[EXERCISE DATA Boundary: Start]

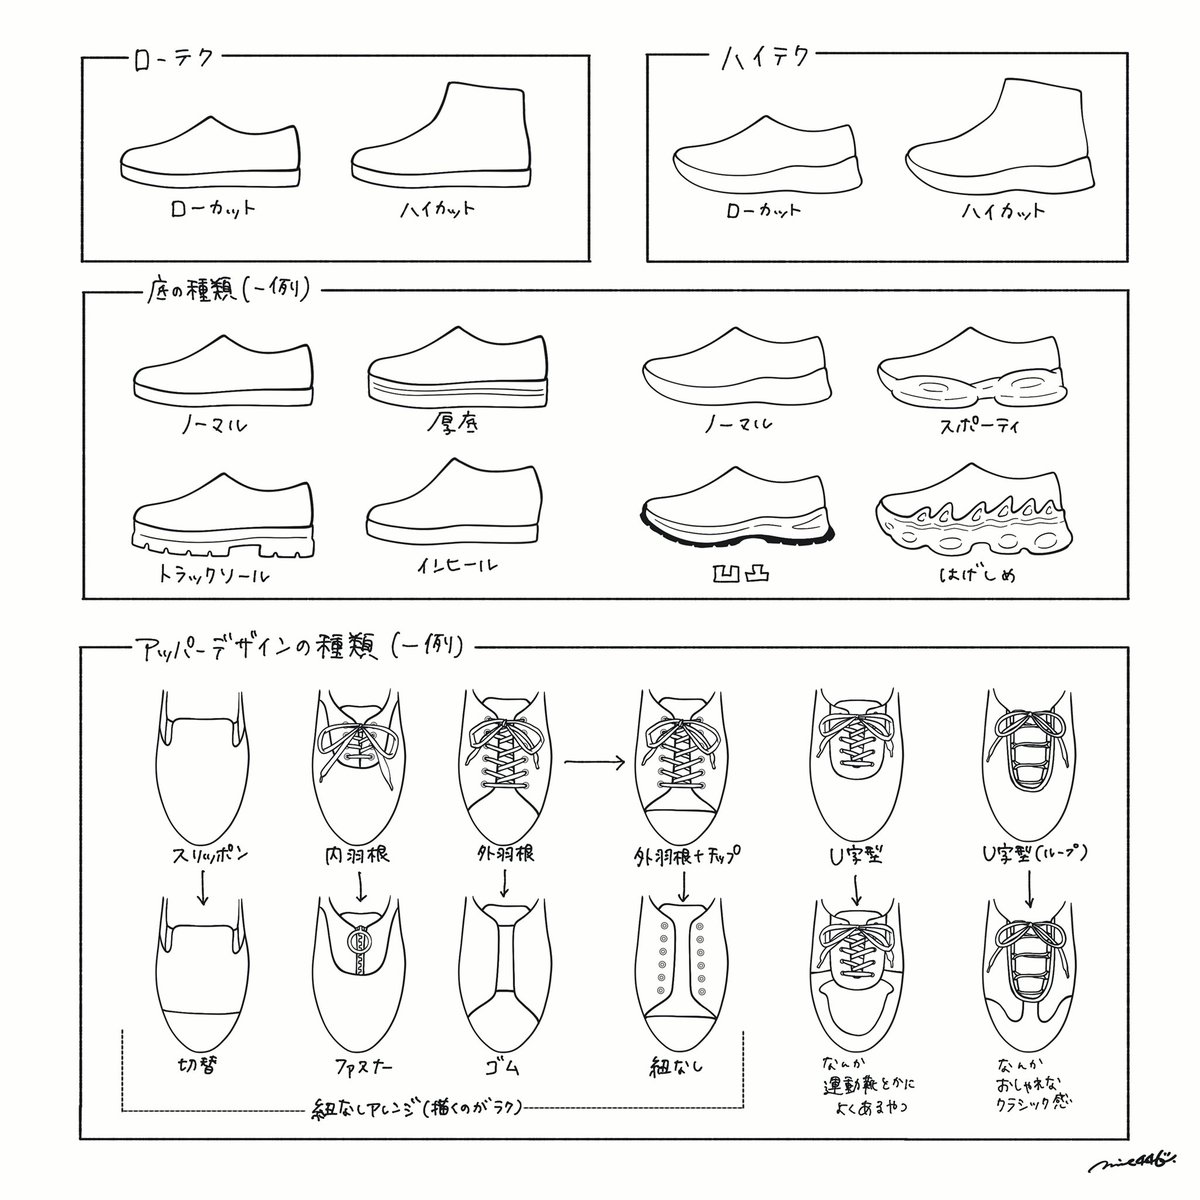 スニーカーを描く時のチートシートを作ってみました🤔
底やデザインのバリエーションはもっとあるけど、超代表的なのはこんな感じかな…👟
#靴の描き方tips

[EXERCISE DATA Boundary: End]

YOUR OBJECTIVE: Before you return the listing exactly, strip out its pictures.

FINAL ANSWER:
 スニーカーを描く時のチートシートを作ってみました🤔
底やデザインのバリエーションはもっとあるけど、超代表的なのはこんな感じかな…👟
#靴の描き方tips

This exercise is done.